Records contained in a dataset
──────────

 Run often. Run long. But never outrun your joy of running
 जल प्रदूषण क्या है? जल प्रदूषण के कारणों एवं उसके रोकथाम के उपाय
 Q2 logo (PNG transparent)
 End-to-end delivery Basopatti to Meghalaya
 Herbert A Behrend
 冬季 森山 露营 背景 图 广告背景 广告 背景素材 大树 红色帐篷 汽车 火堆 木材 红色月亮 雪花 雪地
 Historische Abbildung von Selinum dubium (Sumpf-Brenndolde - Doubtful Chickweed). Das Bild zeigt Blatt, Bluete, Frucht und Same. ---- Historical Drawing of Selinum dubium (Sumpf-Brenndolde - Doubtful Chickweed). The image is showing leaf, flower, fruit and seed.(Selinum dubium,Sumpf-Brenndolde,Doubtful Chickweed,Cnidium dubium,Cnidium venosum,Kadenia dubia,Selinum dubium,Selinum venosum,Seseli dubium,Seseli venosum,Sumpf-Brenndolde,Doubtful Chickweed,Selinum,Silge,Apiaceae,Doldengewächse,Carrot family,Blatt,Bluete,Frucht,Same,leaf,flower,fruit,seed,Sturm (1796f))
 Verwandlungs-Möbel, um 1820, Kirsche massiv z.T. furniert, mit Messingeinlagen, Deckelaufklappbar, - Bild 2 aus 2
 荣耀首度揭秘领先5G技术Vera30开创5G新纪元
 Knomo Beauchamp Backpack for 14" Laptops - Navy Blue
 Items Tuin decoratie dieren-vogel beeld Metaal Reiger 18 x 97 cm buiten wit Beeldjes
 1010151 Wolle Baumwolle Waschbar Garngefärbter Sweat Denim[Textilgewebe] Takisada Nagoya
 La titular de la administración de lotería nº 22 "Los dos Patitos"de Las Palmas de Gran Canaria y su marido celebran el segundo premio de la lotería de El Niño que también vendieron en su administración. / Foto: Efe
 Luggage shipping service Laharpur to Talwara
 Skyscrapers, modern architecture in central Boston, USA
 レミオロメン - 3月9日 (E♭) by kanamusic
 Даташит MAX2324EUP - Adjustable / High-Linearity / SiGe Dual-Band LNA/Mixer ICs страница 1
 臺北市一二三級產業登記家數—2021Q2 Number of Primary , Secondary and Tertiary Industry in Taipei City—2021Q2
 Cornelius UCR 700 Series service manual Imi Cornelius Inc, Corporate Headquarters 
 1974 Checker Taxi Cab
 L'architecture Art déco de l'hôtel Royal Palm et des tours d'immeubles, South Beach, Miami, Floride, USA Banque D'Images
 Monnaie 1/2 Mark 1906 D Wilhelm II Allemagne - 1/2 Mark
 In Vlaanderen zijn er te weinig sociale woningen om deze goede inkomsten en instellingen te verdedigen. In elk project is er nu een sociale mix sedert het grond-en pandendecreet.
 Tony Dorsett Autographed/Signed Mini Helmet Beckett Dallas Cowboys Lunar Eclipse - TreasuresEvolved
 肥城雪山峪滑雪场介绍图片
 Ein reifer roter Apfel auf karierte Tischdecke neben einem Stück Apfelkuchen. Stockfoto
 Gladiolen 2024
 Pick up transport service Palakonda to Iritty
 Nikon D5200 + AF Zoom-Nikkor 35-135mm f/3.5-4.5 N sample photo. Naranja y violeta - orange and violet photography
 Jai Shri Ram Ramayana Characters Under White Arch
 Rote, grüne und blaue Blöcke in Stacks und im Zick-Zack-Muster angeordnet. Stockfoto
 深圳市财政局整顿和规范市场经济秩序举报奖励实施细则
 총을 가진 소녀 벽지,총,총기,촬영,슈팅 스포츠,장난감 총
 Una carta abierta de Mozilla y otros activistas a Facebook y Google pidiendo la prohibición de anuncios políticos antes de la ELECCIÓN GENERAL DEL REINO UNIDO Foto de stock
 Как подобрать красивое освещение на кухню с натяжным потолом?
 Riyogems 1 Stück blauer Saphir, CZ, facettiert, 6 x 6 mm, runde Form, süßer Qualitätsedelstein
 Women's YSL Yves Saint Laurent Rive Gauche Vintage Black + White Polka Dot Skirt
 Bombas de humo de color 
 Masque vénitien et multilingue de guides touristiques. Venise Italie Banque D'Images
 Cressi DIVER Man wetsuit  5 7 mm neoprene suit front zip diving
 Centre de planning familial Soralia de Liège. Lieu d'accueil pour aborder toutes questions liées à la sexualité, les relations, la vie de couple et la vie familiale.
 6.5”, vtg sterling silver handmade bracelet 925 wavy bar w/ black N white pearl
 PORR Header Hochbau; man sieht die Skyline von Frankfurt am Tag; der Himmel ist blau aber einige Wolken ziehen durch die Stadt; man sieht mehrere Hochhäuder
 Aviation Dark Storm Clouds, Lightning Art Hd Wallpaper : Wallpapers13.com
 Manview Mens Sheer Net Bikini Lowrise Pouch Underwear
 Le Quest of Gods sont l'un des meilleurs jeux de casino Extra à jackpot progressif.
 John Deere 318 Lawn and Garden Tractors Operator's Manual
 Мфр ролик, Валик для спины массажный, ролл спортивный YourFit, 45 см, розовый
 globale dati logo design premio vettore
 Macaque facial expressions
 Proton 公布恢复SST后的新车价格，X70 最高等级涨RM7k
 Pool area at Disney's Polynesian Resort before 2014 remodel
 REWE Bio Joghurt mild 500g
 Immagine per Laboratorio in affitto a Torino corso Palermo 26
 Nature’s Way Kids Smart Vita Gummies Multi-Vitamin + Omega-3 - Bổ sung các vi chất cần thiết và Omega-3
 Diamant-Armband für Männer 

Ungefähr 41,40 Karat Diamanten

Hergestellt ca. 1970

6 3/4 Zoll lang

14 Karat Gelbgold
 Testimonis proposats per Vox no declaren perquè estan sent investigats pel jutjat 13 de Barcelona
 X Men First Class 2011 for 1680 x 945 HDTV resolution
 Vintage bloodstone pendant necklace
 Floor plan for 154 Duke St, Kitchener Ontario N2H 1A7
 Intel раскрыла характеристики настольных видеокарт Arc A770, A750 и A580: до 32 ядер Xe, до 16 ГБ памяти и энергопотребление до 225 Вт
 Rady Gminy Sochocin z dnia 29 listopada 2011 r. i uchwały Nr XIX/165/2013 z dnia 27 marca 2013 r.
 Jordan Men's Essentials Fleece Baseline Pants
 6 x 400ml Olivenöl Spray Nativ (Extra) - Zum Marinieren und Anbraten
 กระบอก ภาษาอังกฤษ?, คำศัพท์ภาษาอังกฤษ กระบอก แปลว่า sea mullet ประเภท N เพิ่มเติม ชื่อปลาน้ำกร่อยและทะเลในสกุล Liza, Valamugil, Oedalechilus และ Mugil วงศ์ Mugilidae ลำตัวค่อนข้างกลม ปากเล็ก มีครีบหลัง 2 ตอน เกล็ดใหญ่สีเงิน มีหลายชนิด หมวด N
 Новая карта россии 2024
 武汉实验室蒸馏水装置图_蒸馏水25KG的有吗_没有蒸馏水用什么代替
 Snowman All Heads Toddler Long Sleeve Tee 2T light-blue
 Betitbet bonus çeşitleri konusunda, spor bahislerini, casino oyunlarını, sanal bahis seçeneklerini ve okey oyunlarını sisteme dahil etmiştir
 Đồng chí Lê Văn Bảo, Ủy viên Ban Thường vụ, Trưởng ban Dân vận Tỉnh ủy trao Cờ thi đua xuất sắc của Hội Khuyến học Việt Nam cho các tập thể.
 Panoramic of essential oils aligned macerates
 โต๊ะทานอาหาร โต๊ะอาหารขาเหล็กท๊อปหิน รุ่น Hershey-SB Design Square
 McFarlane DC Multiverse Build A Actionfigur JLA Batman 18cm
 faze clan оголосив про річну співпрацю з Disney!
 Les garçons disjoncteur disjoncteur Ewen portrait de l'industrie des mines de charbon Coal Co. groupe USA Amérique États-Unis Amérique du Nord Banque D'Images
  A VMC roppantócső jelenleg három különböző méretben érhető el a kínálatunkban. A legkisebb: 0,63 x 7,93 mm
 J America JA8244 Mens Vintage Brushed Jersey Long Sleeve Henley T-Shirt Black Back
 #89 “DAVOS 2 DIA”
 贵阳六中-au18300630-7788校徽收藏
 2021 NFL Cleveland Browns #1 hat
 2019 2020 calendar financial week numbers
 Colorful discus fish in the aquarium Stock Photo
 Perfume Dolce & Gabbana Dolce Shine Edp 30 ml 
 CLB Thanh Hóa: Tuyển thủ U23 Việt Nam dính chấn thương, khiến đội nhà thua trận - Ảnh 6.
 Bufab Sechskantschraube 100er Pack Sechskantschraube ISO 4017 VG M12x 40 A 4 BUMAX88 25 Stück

──────────

What is expected
Reproduce the lines above, beginning at the line with "Testimonis proposats per" and stopping after the line with "6 x 400ml Olivenöl", exactly as they are.

Task response
 Testimonis proposats per Vox no declaren perquè estan sent investigats pel jutjat 13 de Barcelona
 X Men First Class 2011 for 1680 x 945 HDTV resolution
 Vintage bloodstone pendant necklace
 Floor plan for 154 Duke St, Kitchener Ontario N2H 1A7
 Intel раскрыла характеристики настольных видеокарт Arc A770, A750 и A580: до 32 ядер Xe, до 16 ГБ памяти и энергопотребление до 225 Вт
 Rady Gminy Sochocin z dnia 29 listopada 2011 r. i uchwały Nr XIX/165/2013 z dnia 27 marca 2013 r.
 Jordan Men's Essentials Fleece Baseline Pants
 6 x 400ml Olivenöl Spray Nativ (Extra) - Zum Marinieren und Anbraten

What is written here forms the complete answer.